_Work item_. The pictures in the listing below are to be skipped, while the lines between the line holding "鼓是一种乐器图标样式,带有长长的阴影,孤立在白色背景上。矢量插图。" and the line holding "濛 step-by-step stroke order diagrams", inclusive, are to be output exactly.

_Given records_.

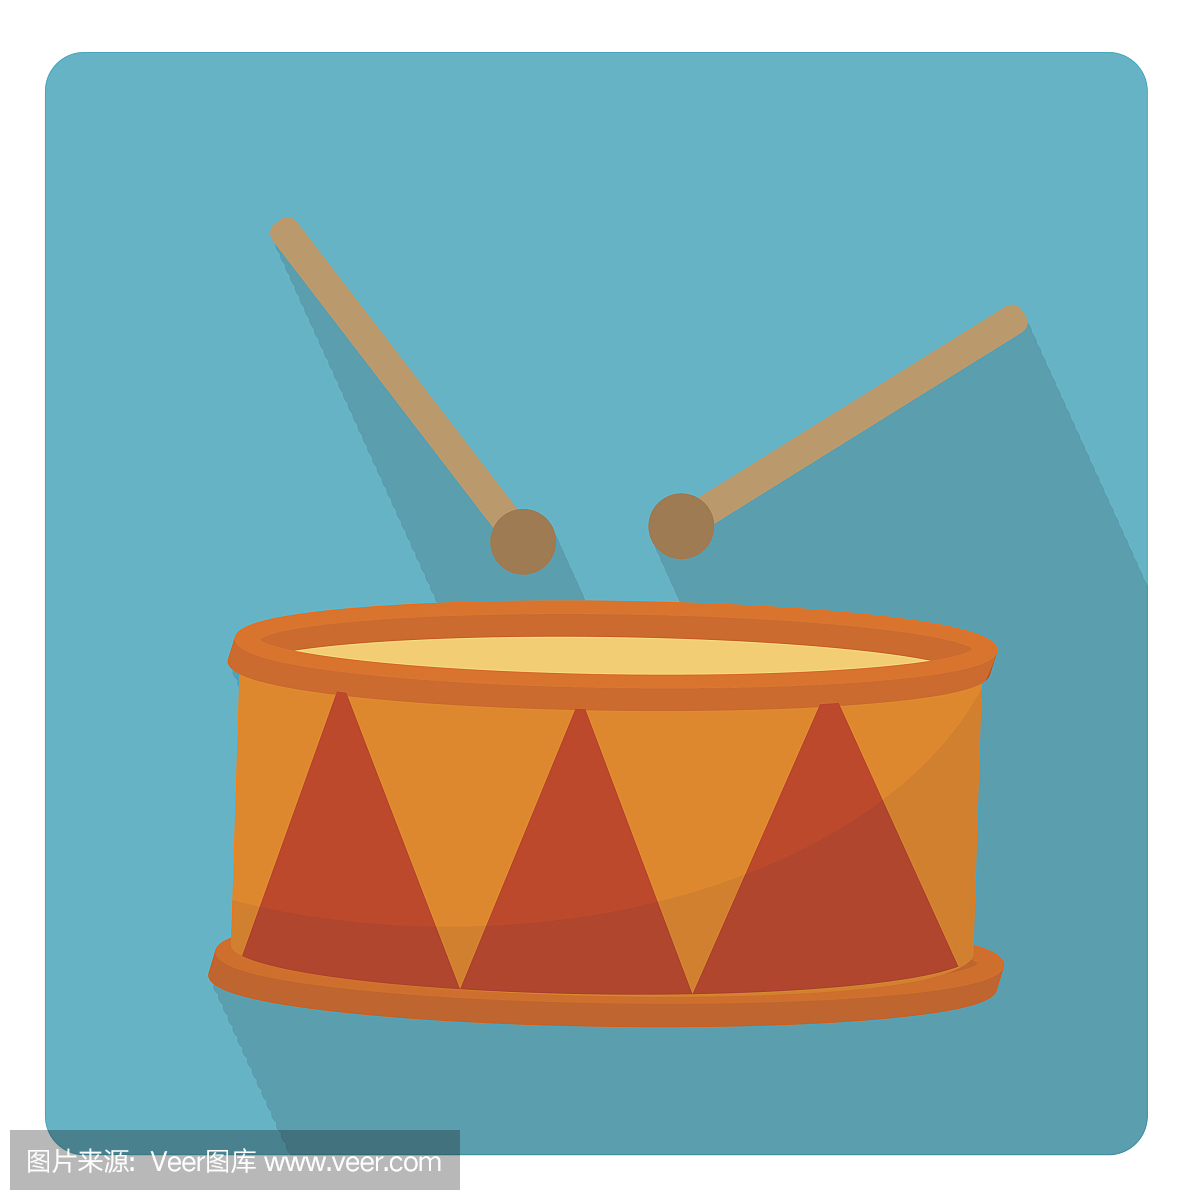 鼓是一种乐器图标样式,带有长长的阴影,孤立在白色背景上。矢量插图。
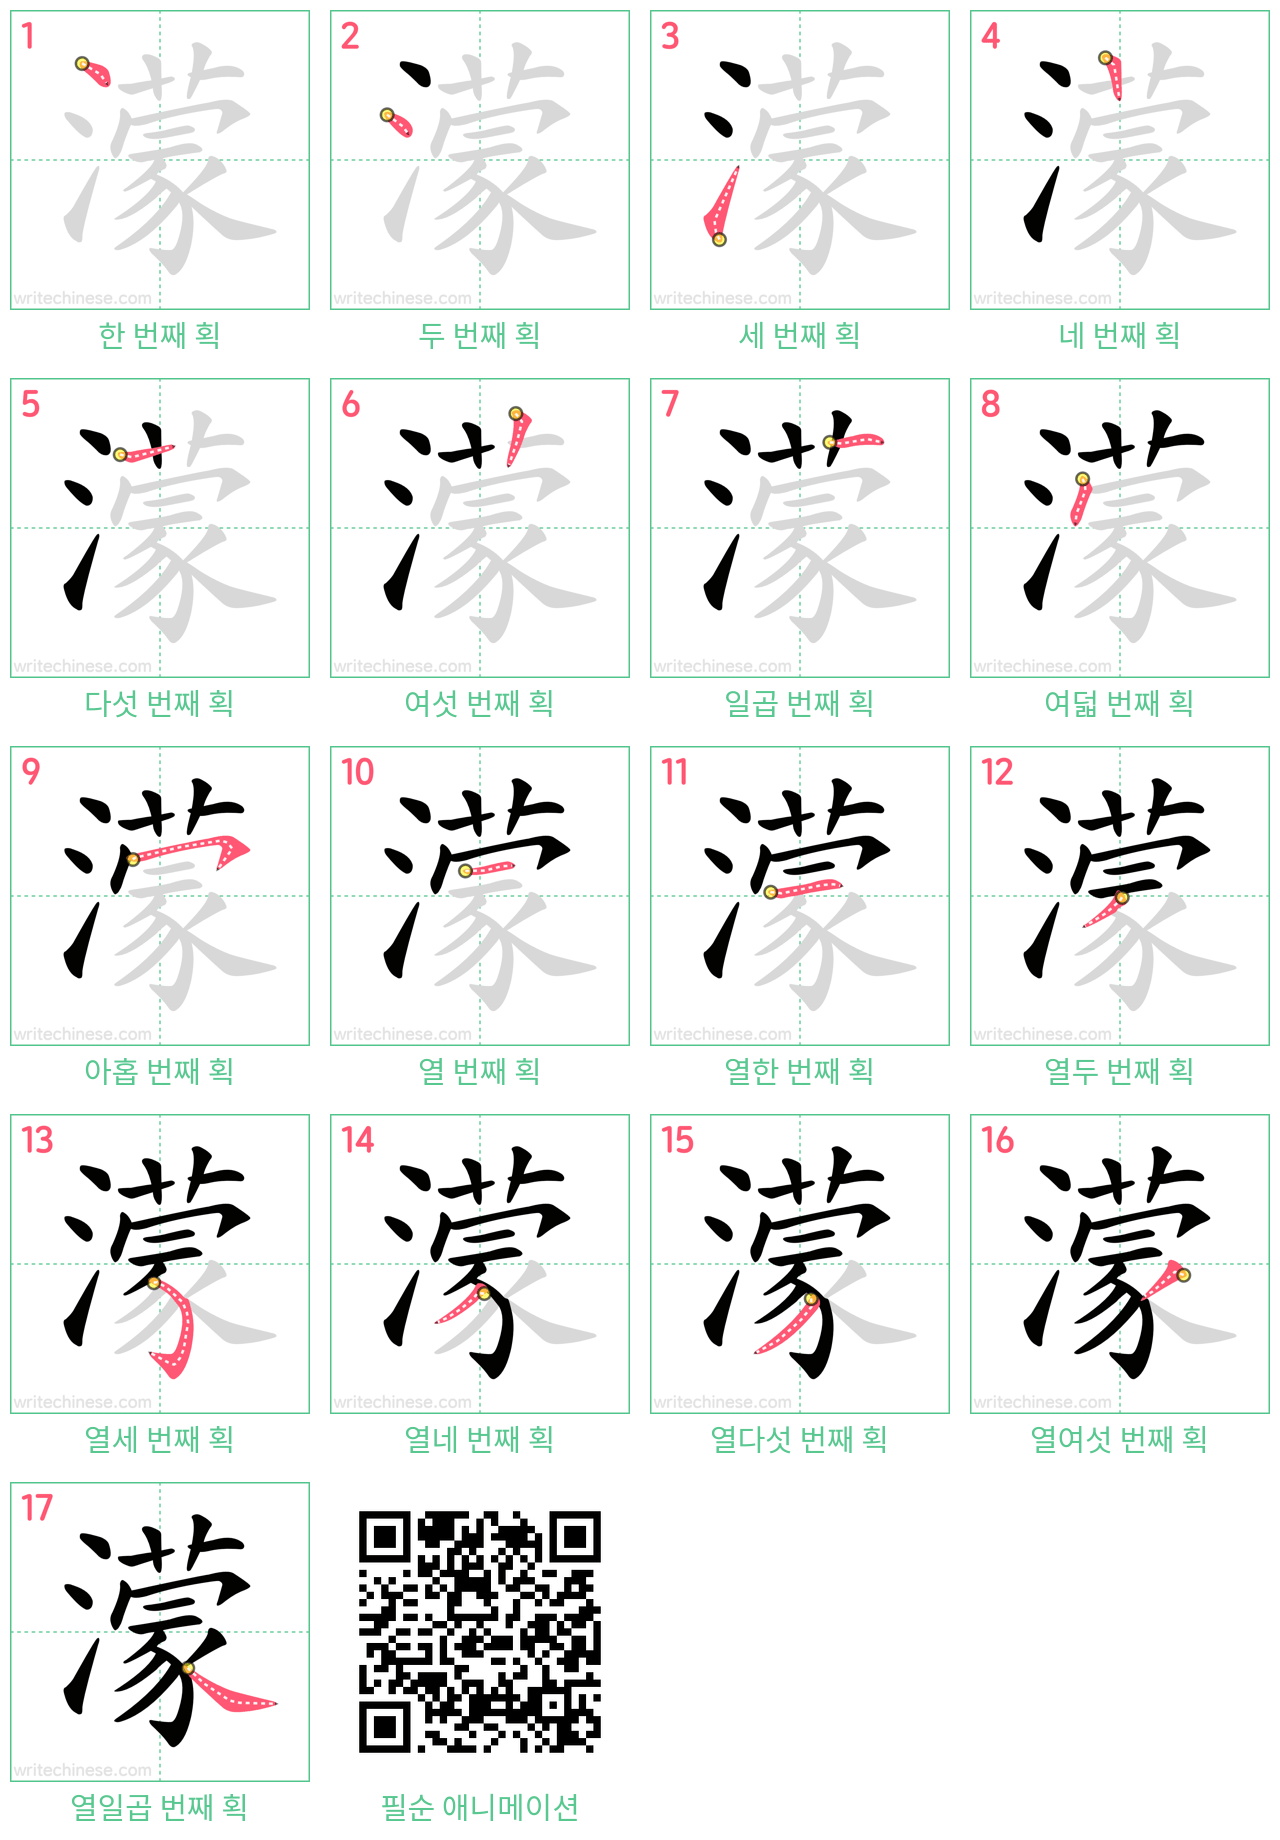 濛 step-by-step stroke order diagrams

...

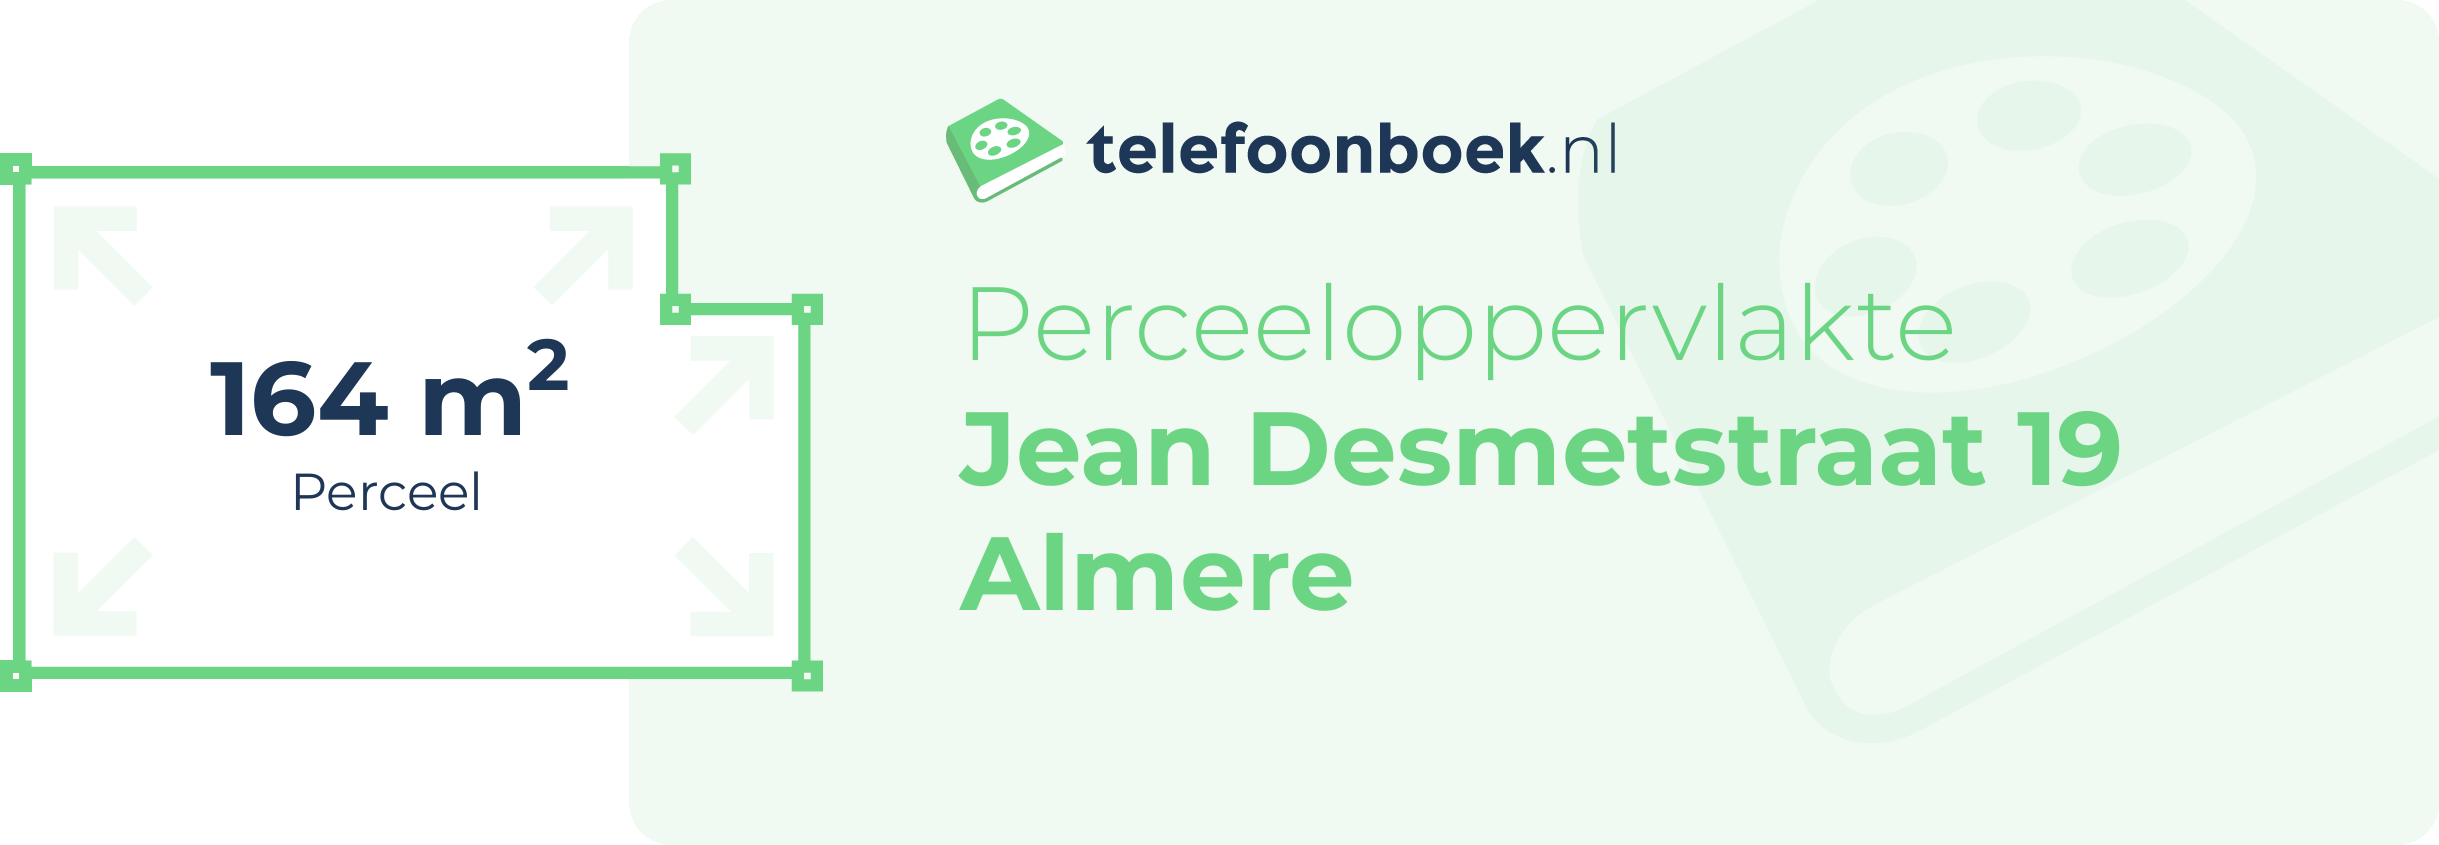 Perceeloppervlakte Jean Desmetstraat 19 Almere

_Your response_.
 鼓是一种乐器图标样式,带有长长的阴影,孤立在白色背景上。矢量插图。
 濛 step-by-step stroke order diagrams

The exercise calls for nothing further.